EU and GDPR Concerns
The main item grabbing attention in the last few months related to GAI and data protection in the EU was the Italian data protection authority’s temporary ban of ChatGPT in Italy and OpenAI’s subsequent measures that sought to allay the Italian DPA’s concerns and prompted OpenAI to eventually restore service to Italian users on April 28, 2023. Specifically, the Italian DPA issued a temporary limitation on the processing of Italian users data by OpenAI, citing a March 20th breach involving a misconfiguration in its cache system that allowed some users to see information from others’ chat histories, as well as what the Italian DPA considered shortcomings in ChatGPT’s lack of age verification protections, among other things. The geoblock on Italian users was lifted on April 28th, with OpenAI making several changes for EU users, including rolling out an updated privacy policy and privacy notices and allowing users to opt-out of the reuse of inputs for AI training purposes, among other things.
The first step that entities developing or using GAI can take to gauge GDPR compliance is to determine their role, as defined under the GDPR, whether a data controller or processor.

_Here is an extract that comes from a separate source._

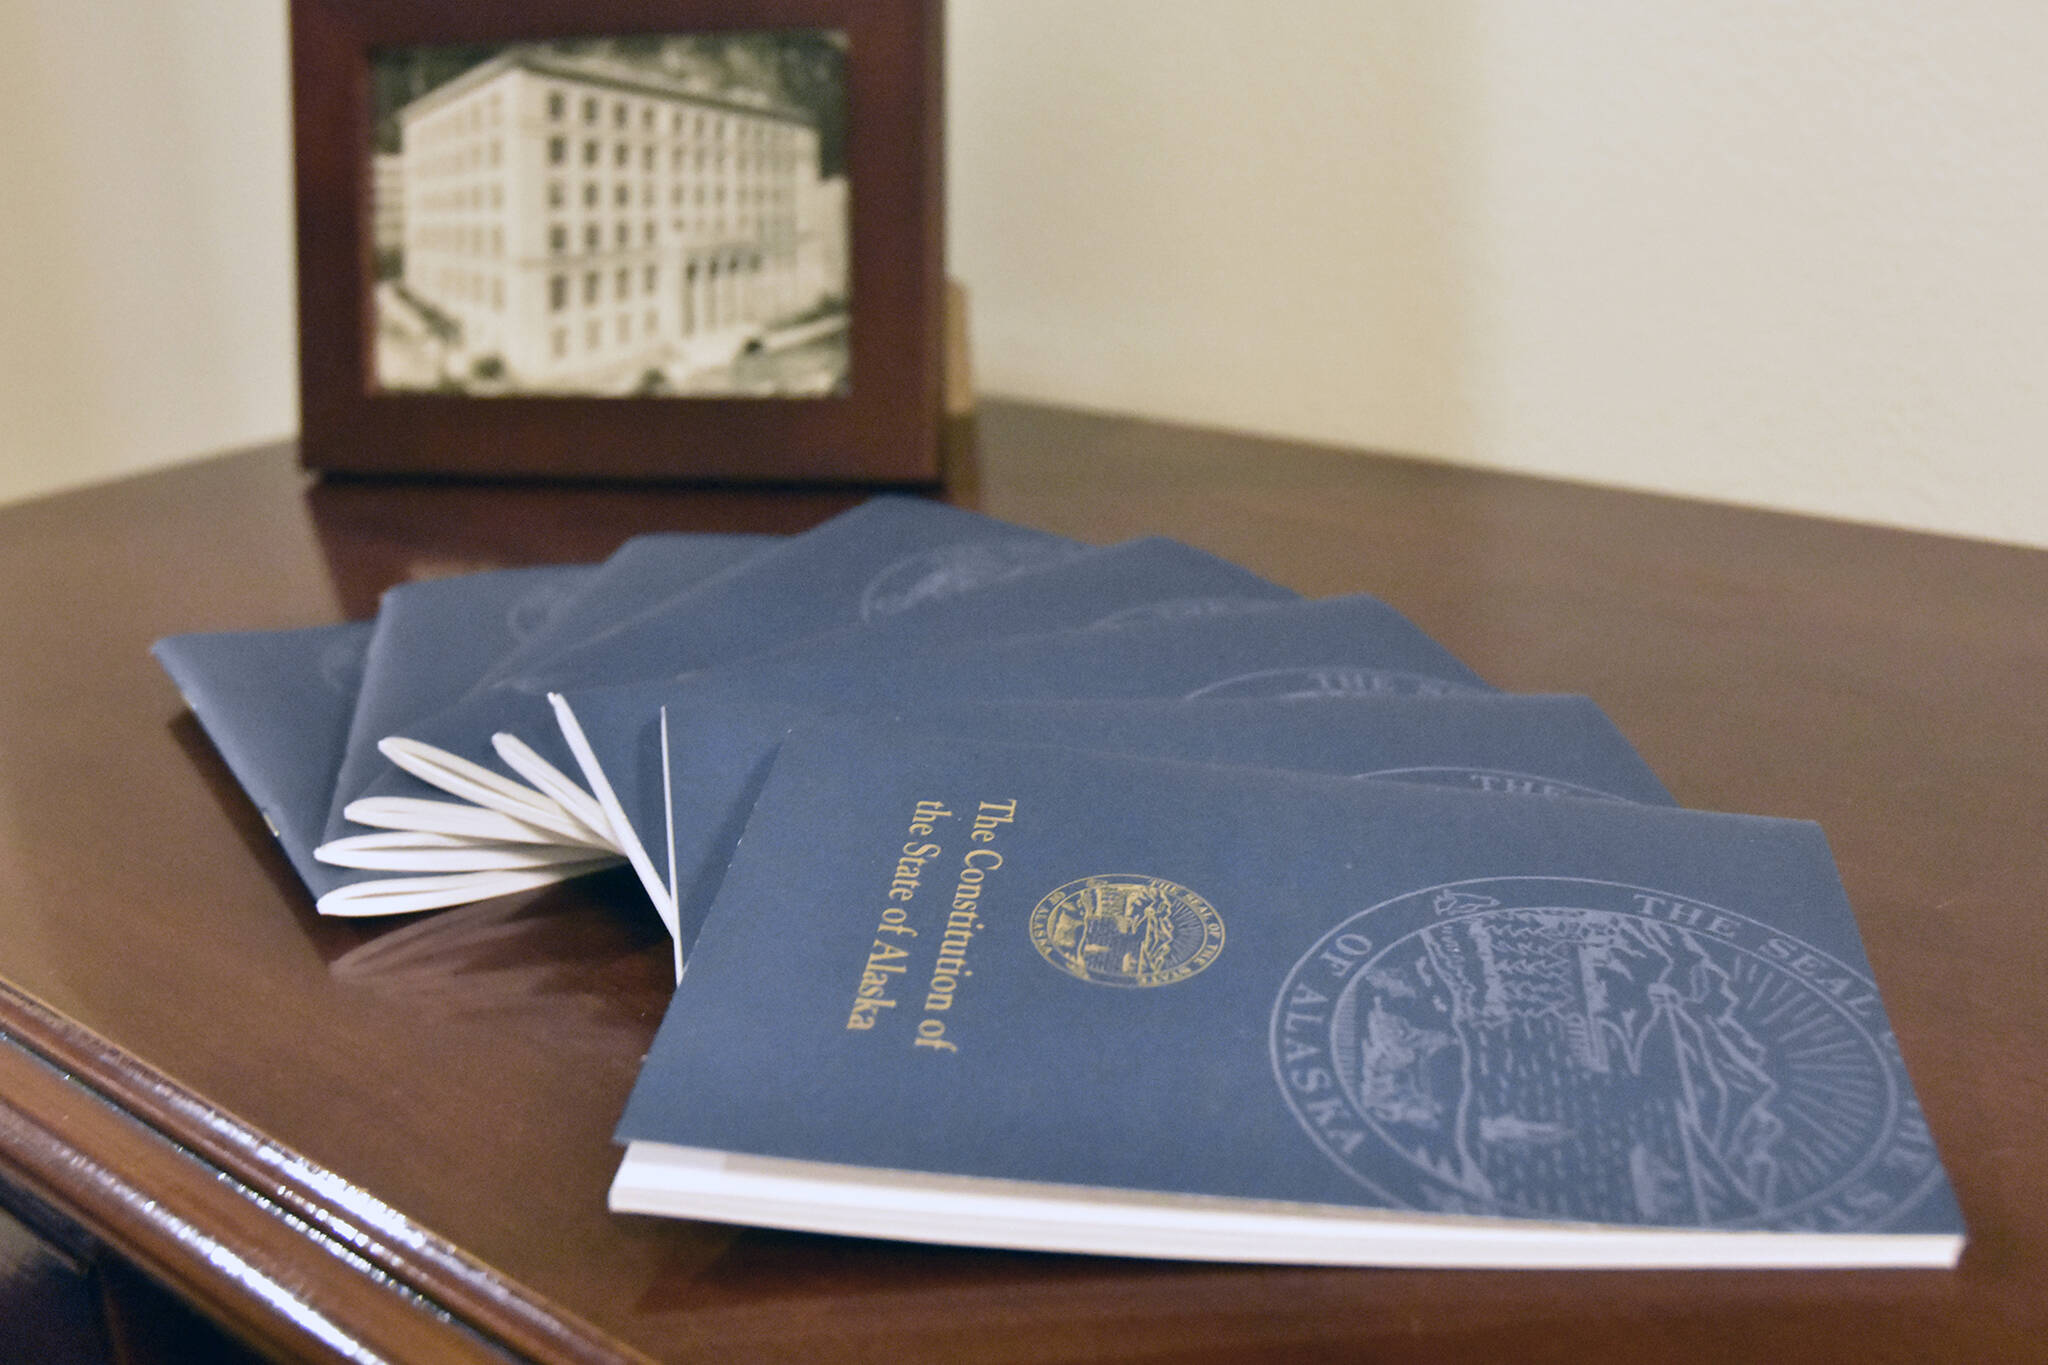 Copies of the Alaska State Constitution were available outside the lieutenant governor’s office on Monday, Dec. 13, 2021. If voters choose to have a constitutional convention, the state’s foundational document could be re-written. (Peter Segall/Juneau Empire)
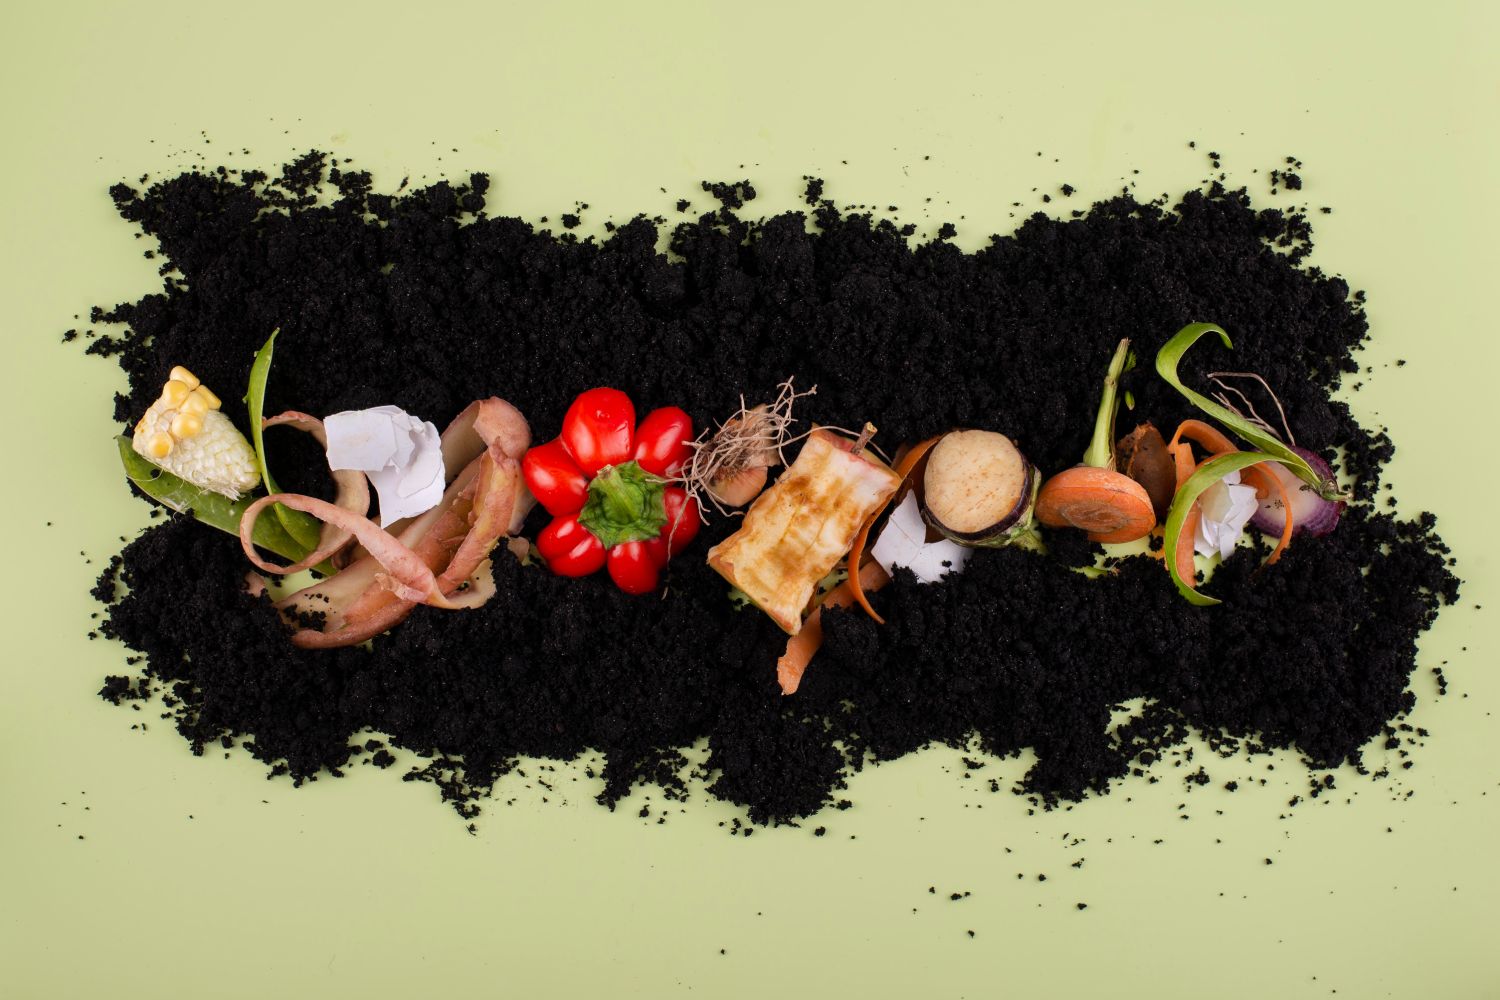 Compost and food scraps

An entity’s role will determine its obligations and responsibilities surrounding data protection compliance. Under the GDPR, a controller, for example, is an organization that determines the purposes and means of processing; a processor, on the other hand, is an entity that acts on the instructions of the controller. Organizations might ask several questions to pinpoint their role and figure out how the GDPR applies to it, including: What are you inputting into the AI system? What is the output? What is your level of control (e.g., are you using an API or plug-in, with a service provider in between you and the users, or are you directing engaging the GAI application, or are you the GAI provider itself?). As the presenters stated, broadly speaking, the GAI customer would likely be the data controller of the input and output data because it is likely controlling what data is going in and is using the output for its own purposes and the GAI developer is likely to be the data processor of the input data and the output (but as to the training dataset it previously used or is collecting concurrent with the use of the AI system, the GAI developer would likely be deemed the controller of that data).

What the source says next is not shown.